Stage 5 CKD and dialysis patients sit in a clinical blind spot for GLP-1 therapy. They are excluded from almost every pivotal trial — STEP-1, SURMOUNT-1, SELECT, and even FLOW (Perkovic 2024 NEJM[2]) which enrolled CKD but capped at eGFR 25 mL/min/1.73m². The published evidence in dialysis itself is one randomized PK study (Idorn 2016 Diabetes Care[1]) plus a handful of retrospective cohorts (Long 2024 Endocrine Practice[3]) and narrative reviews (Clemens 2023[4], Thomas 2023[5]). Yet the population is large, growing, and carries two competing pressures: a transplant-list BMI ceiling that can be lowered by GLP-1 weight loss (Gill 2014 CJASN[10]), and a protein-energy wasting phenotype (Fouque 2008[6]) that makes rapid weight loss dangerous. This article walks through the PK, the evidence, the nutritional guardrails, and the practical dosing approach.
The honest summary
- The pivotal trials excluded dialysis. SURMOUNT-1, STEP-1, SELECT, and FLOW (Perkovic 2024[2]) all excluded patients on renal replacement therapy. The only RCT in true ESRD is Idorn 2016[1] — a 12-week investigator-initiated liraglutide study in 24 hemodialysis patients.

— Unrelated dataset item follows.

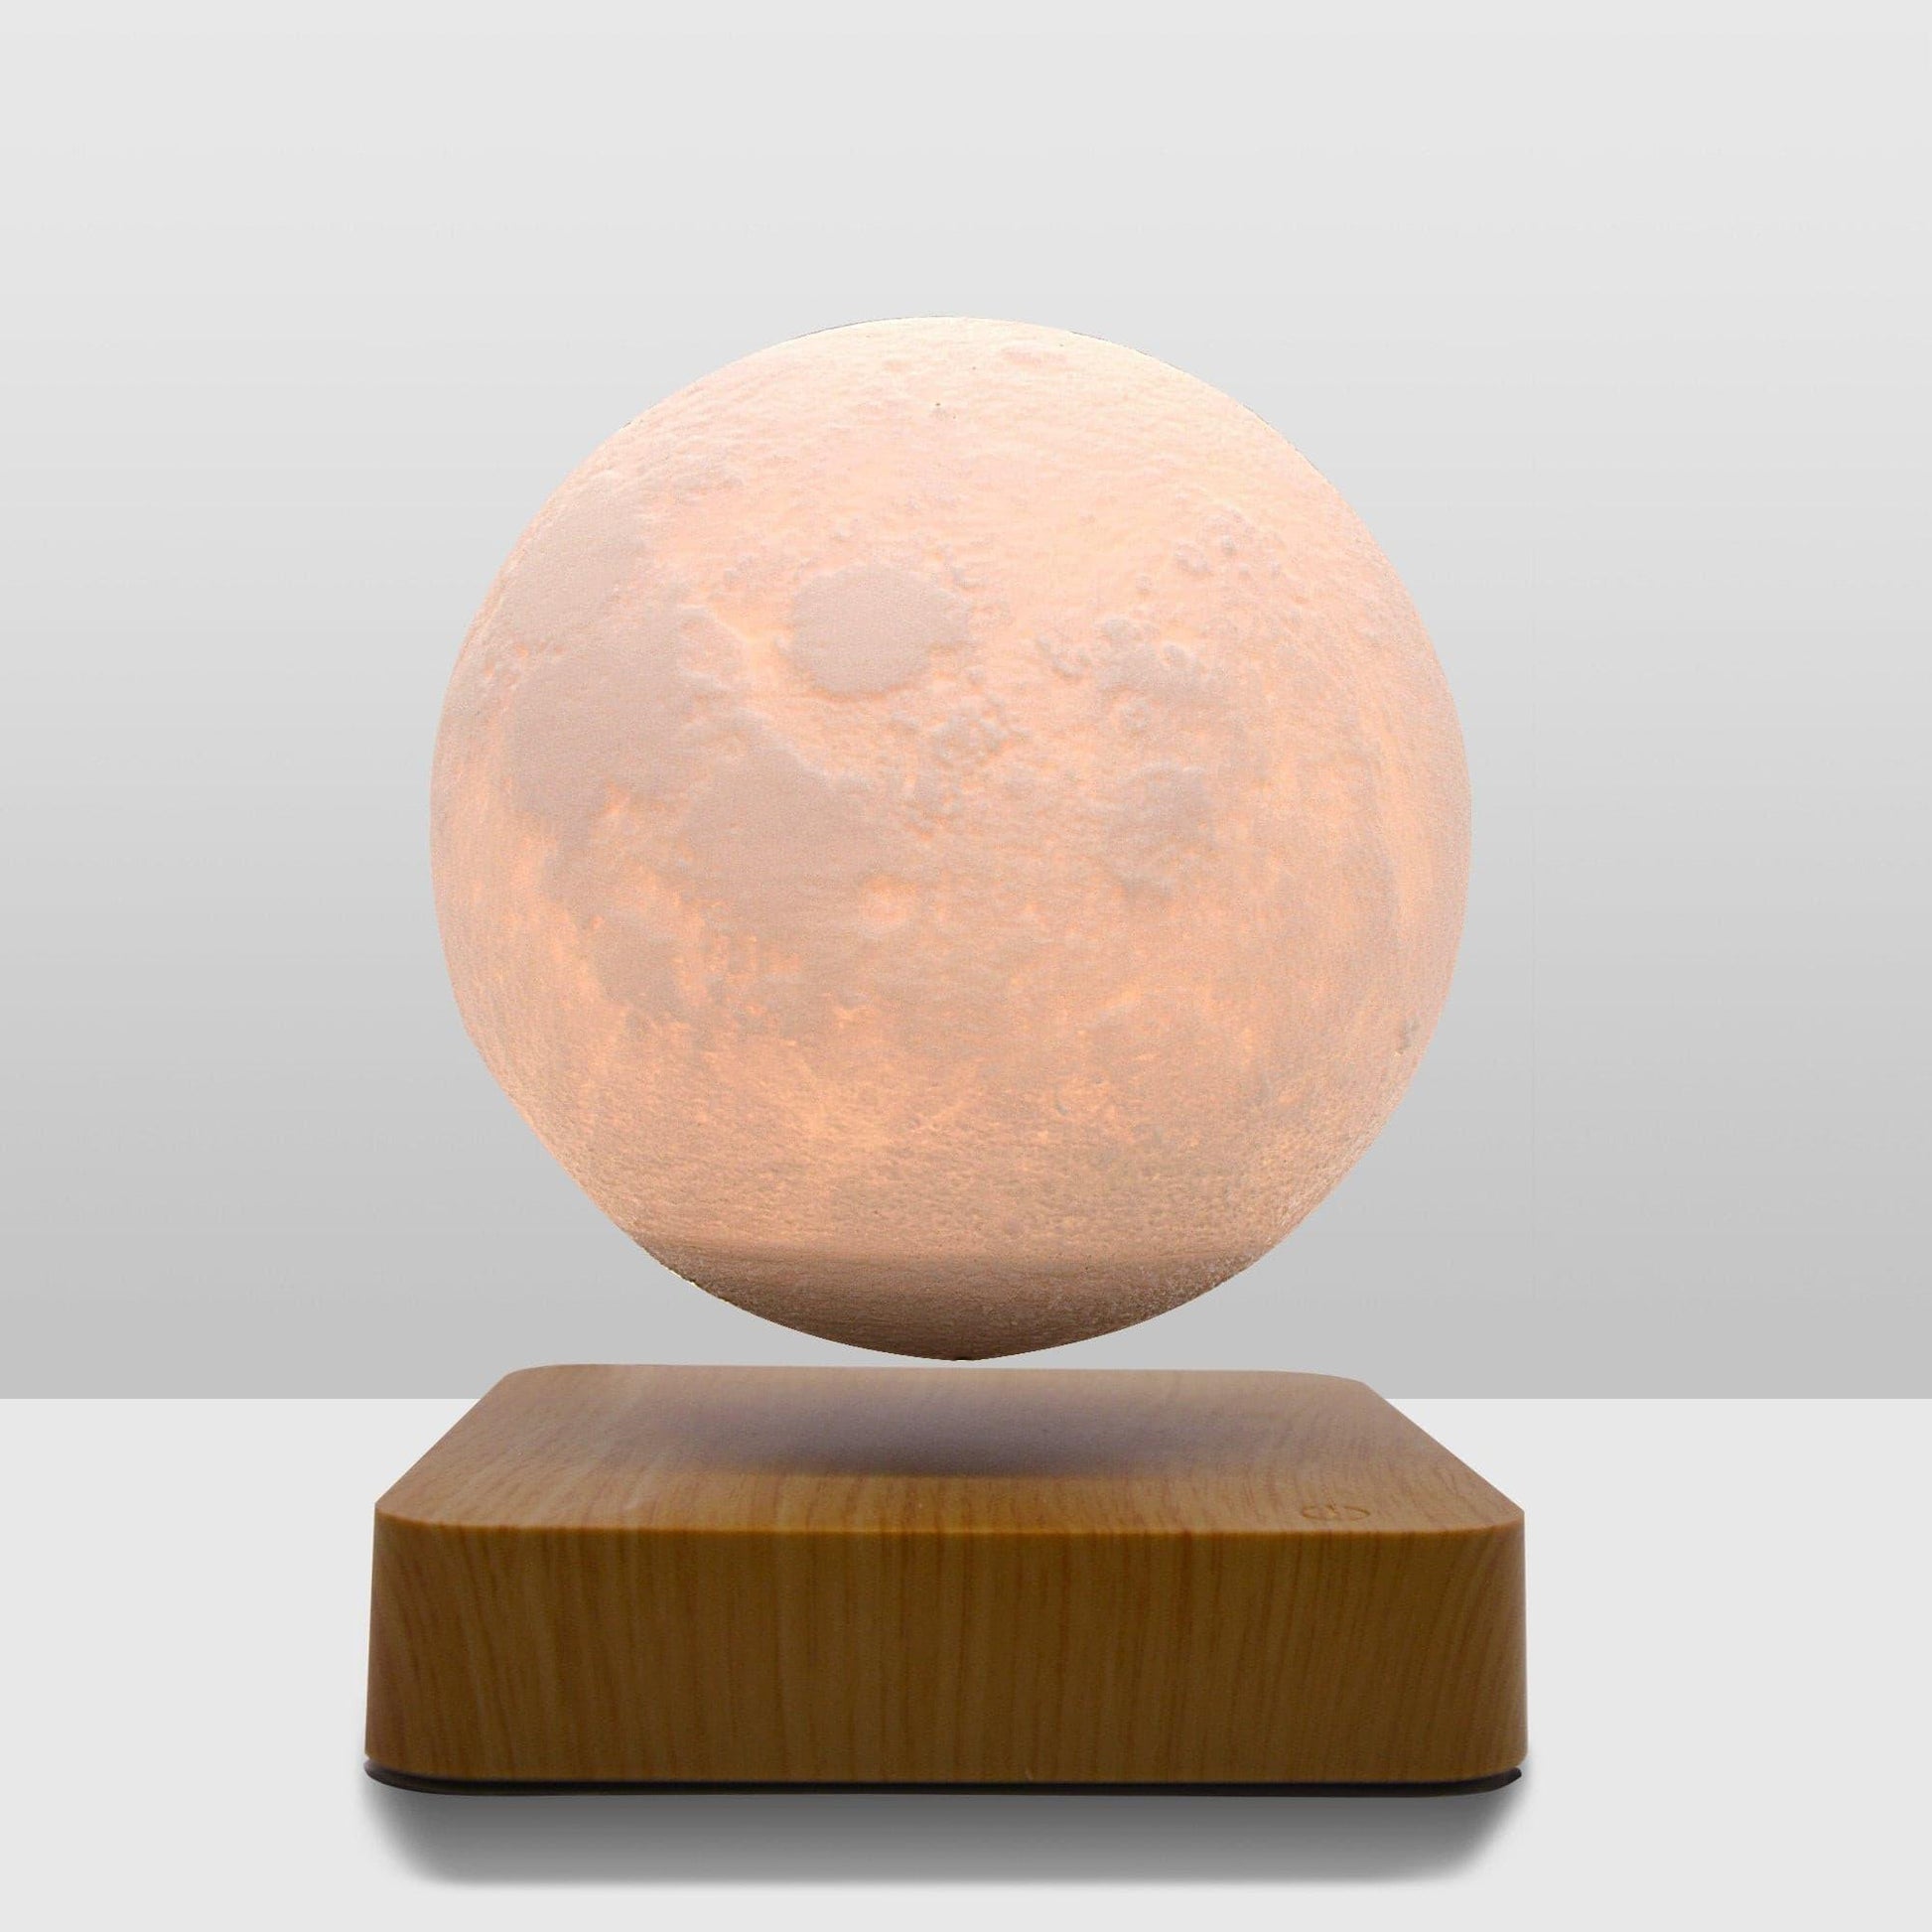 Levitation Moon Lamp, 3D Print Floating Moon - #tiktokmademebuyit

- PK is favorable for semaglutide, liraglutide, and dulaglutide. These three are highly protein-bound, metabolized by endopeptidases rather than renally cleared, and are not removed by hemodialysis. Exenatide is the opposite (~80% renal clearance) and is contraindicated in dialysis per its label.
- Protein-energy wasting is the dominant safety concern. The ISRNM diagnostic criteria (Fouque 2008[6]) and the KDOQI Nutrition 2020 update (Ikizler 2020 AJKD[7]) require a minimum protein intake of 1.0–1.2 g/kg/day on dialysis. GLP-1-induced appetite suppression can drop intake below that floor quickly.
- Transplant candidacy is the strongest indication. Most U.S. kidney programs decline candidates with BMI > 35–40 (Gill 2014 CJASN[10]). GLP-1 weight loss can move a patient from non-listable to listable status — an outcome with mortality benefit far larger than any GLP-1 trial endpoint.
What FLOW did and did not tell us
FLOW (Perkovic 2024 NEJM[2]) is the largest GLP-1 trial in CKD: 3,533 patients with type 2 diabetes and established kidney disease randomized to semaglutide 1.0 mg weekly or placebo, with a primary composite of major kidney disease events. The trial was stopped early for efficacy; semaglutide reduced the primary endpoint by 24% (HR 0.76, 95% CI 0.66–0.88). That headline has been used to justify GLP-1 prescribing across the CKD spectrum, including in dialysis. The trial does not support that.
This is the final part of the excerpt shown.